Otoferlin is a protein that in humans is encoded by the OTOF gene.

== Function ==

There are two forms of otoferlin protein. The short form of the protein has three C2 domains and a single carboxy-terminal transmembrane domain found also in the C. elegans spermatogenesis factor FER-1 and human dysferlin. The long form has six C2 domains.

Dysferlin and myoferlin are proteins found in humans that are homologous to otoferlin. Both dysferlin and myoferlin have seven C2 domains. A C2 domain is a protein structural domain involved in targeting proteins to cell membranes.

C2A in otoferlin's longer form, with six C2 domains, is structurally similar to dysferlin C2A. However, loop 1 in the calcium (Ca^{2+}) binding site of otoferlin C2A is significantly shorter than the homologous loop in dysferlin and myoferlin C2A domains. Therefore, it is unable to bind to calcium. Otoferlin C2A is also unable to bind to phospholipids and hence it is structurally and functionally distinct from other C2 domains. Nonetheless, the homology suggests that this protein may be involved in vesicle membrane fusion.

Similar to dysferlin and myoferlin, otoferlin has a FerA domain and its FerA domain has been shown to interact with zwitterionic lipids in a calcium-dependent manner and with negatively charged lipids in a calcium-independent manner. The estimated charge of the FerA domain among ferlin proteins varies significantly.

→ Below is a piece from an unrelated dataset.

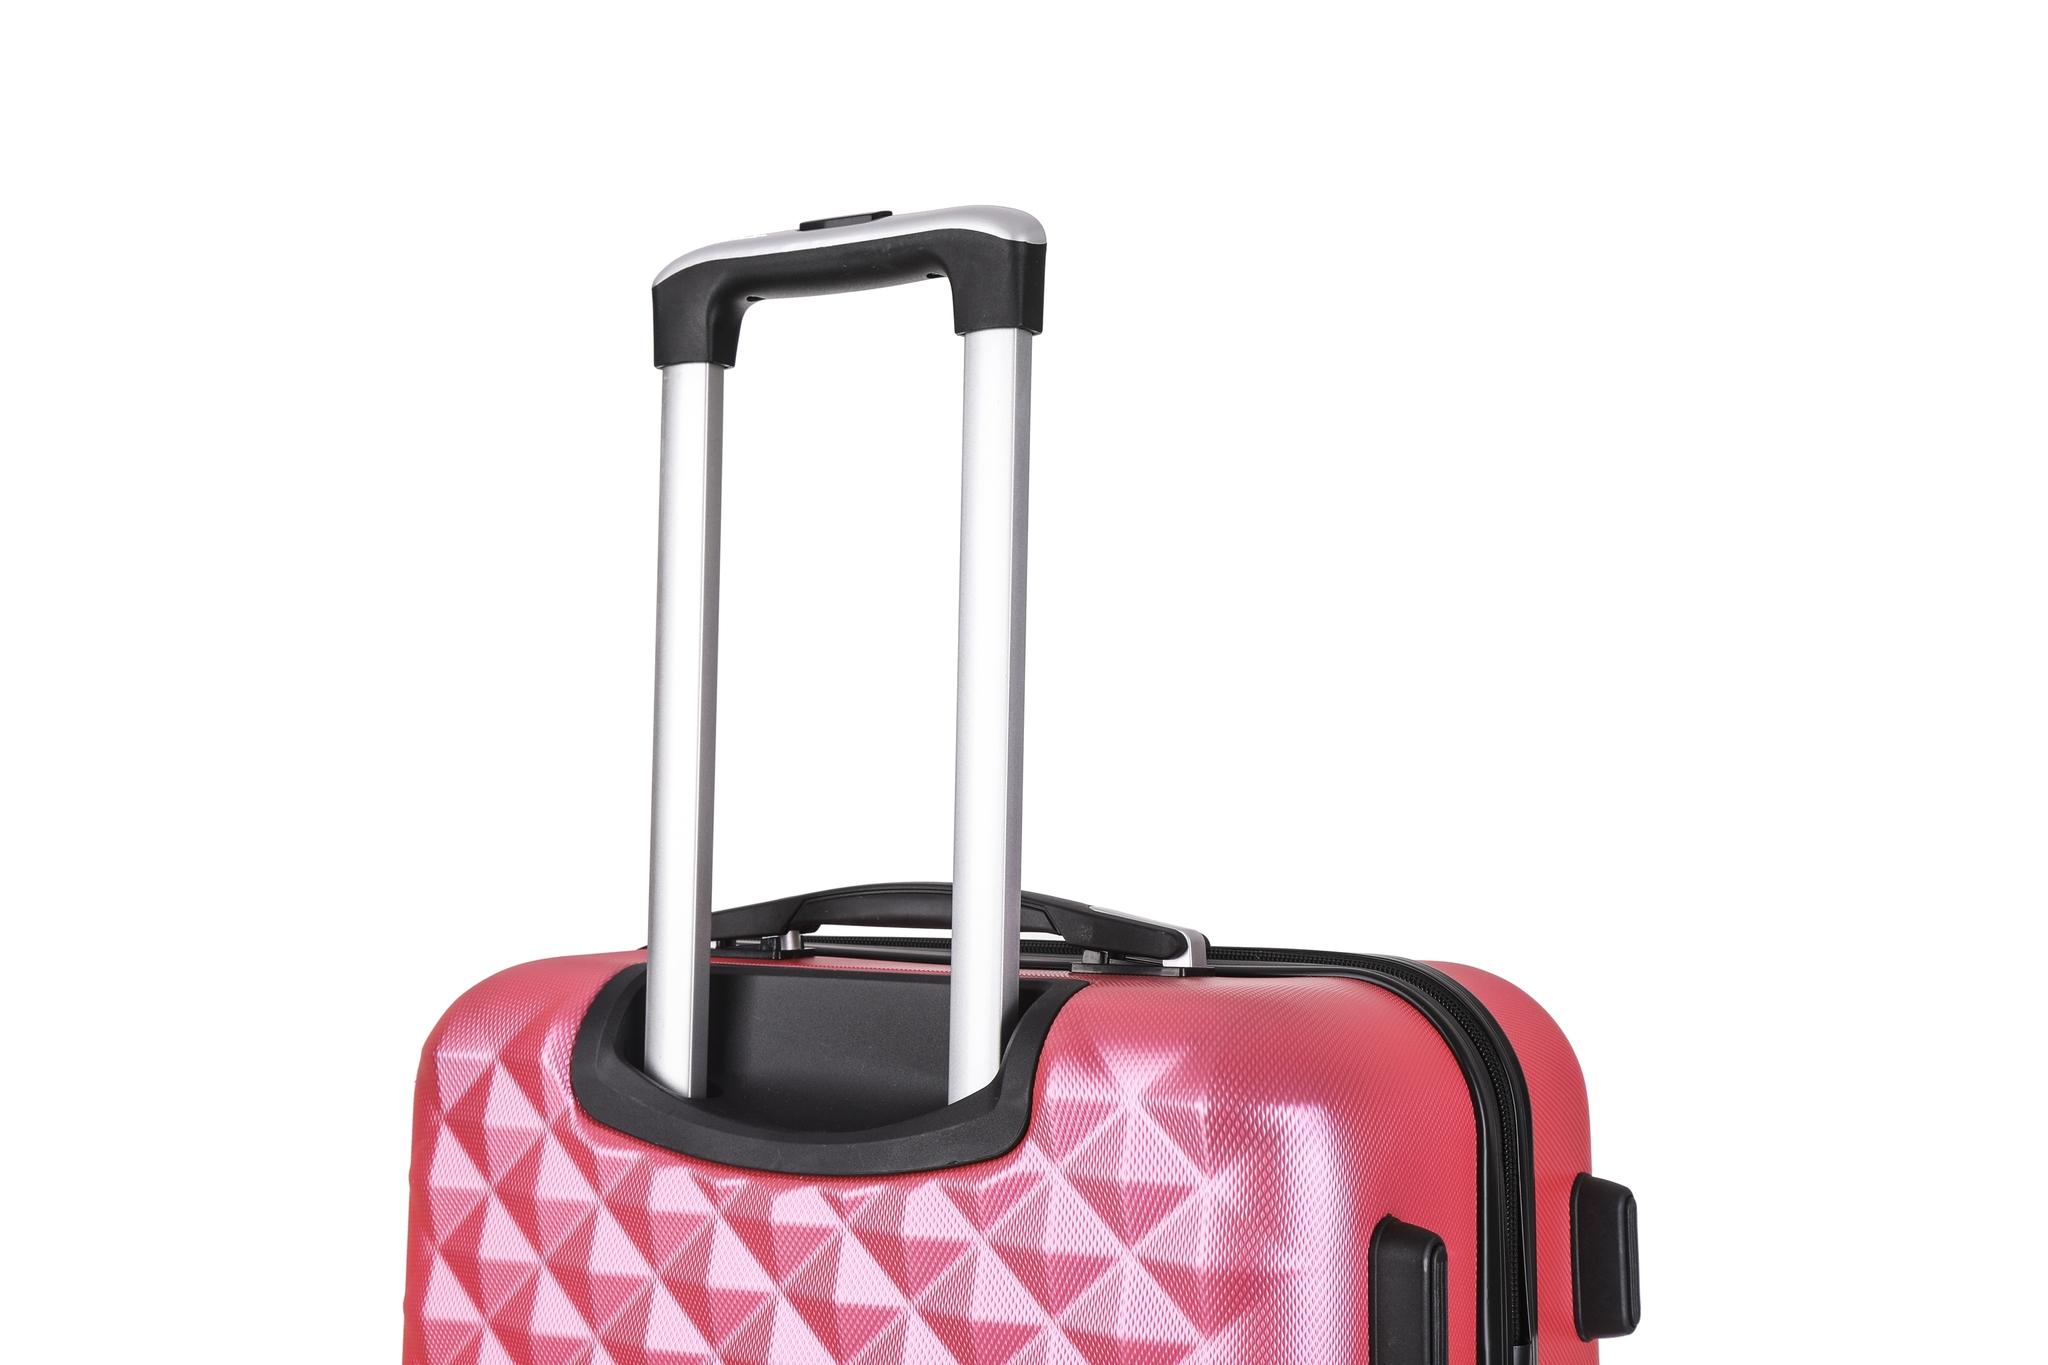 Чемодан со съемными колесами L'case Phatthaya-28 Розовый (L)

At pH 7, the estimated charge of dysferlin is -8.4 while otoferlin FerA is +8.5. Several transcript variants encoding multiple isoforms have been found for this gene.

== Clinical significance ==
Mutations in the gene encoding otoferlin are the cause of nonsyndromic recessive deafness type 9.

Gene therapies for restoring the defective Otoferlin using an adeno-associated virus (AAVs) have been under development for some time, including AAVAnc80-hOTOF used in experimental gene therapy in humans. A successful application of the therapy in Britain was announced in May 2024. Lunsotogene parvec-cwha is a therapy approved for use in the United States.